**DATA:**
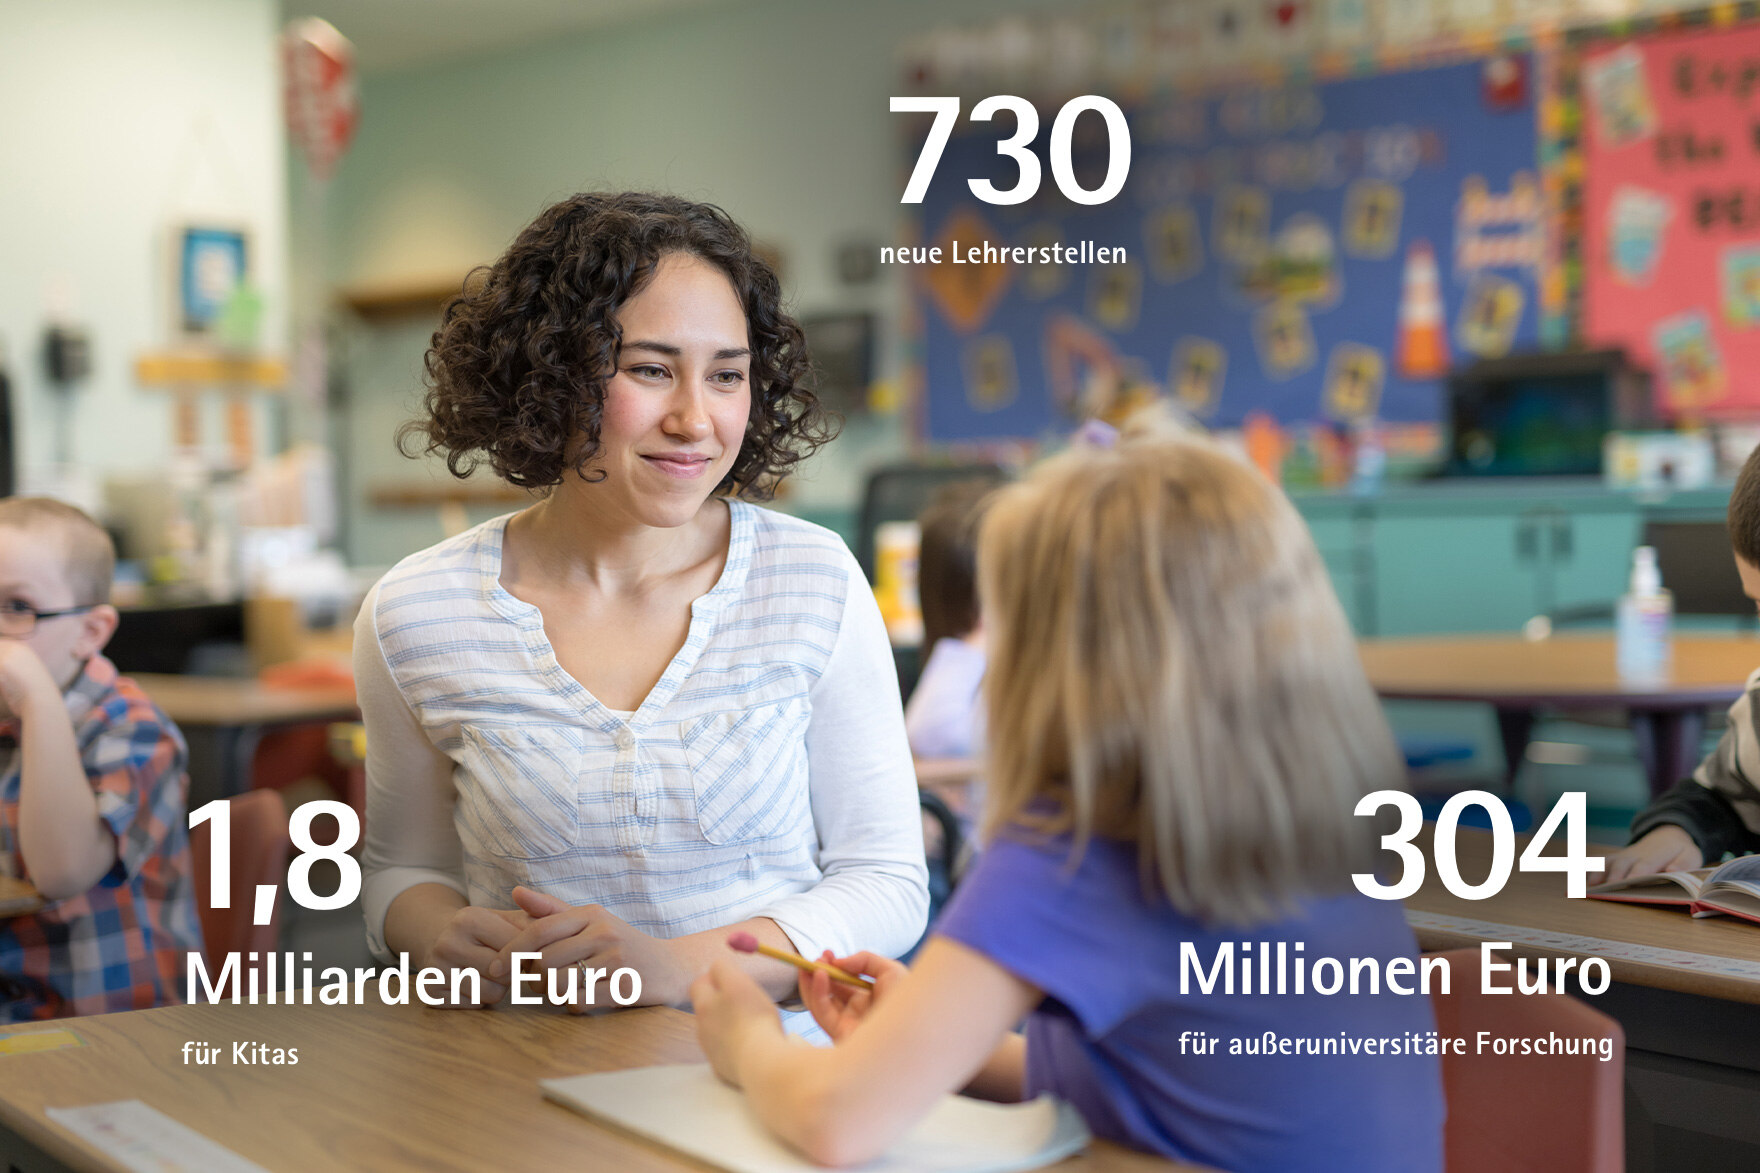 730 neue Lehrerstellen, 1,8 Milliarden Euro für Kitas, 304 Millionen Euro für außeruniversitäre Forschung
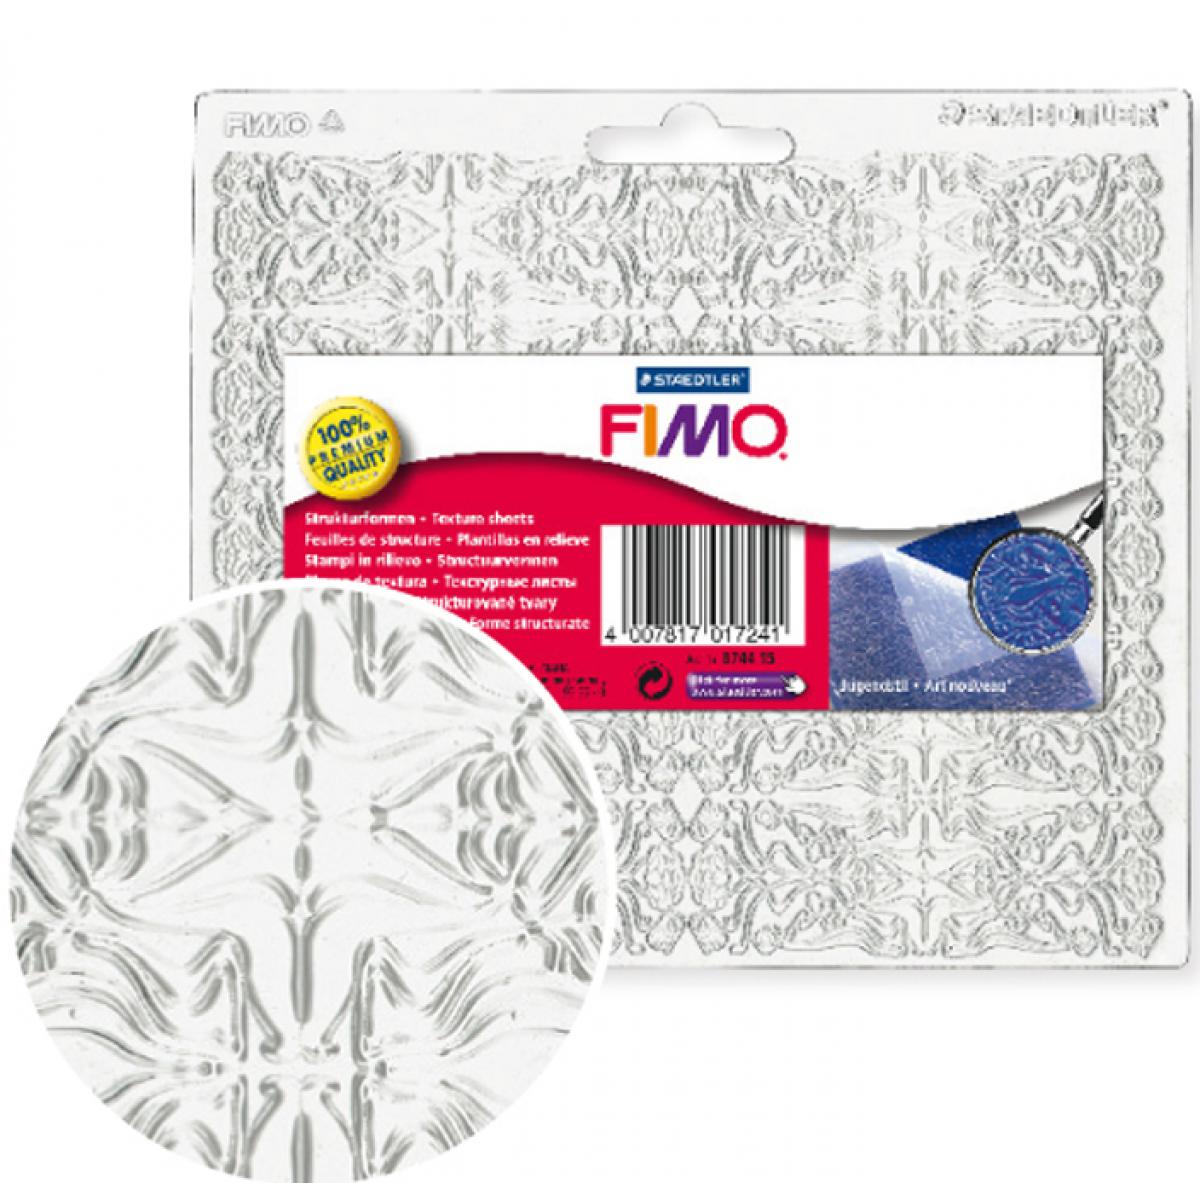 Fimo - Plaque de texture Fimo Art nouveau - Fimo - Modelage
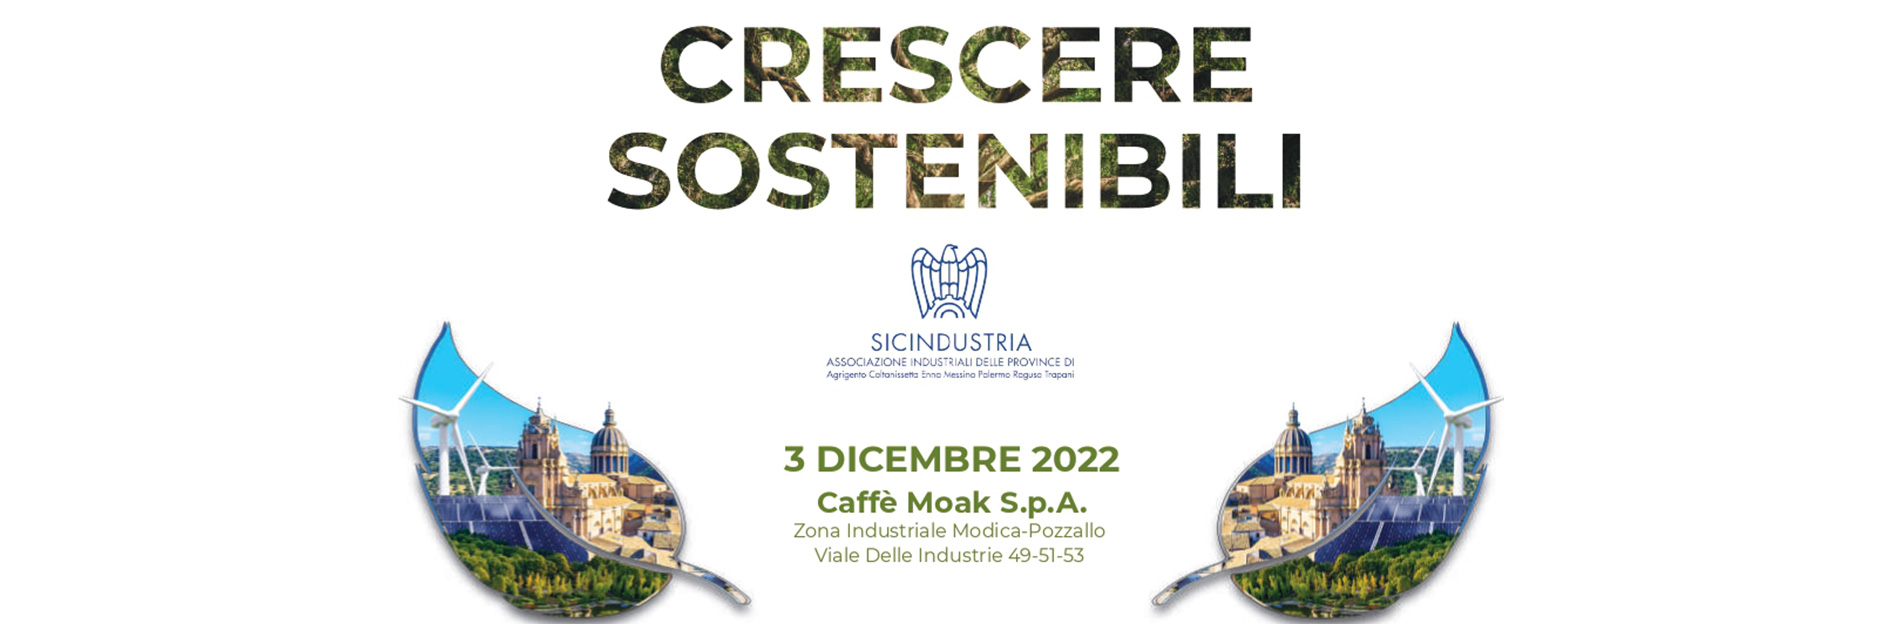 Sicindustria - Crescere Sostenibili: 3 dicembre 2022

**EXERCISE GOAL:** Produce the data again character for character, with the images left out.

**RESPONSE TO THIS TASK:**
 730 neue Lehrerstellen, 1,8 Milliarden Euro für Kitas, 304 Millionen Euro für außeruniversitäre Forschung
 Fimo - Plaque de texture Fimo Art nouveau - Fimo - Modelage
 Sicindustria - Crescere Sostenibili: 3 dicembre 2022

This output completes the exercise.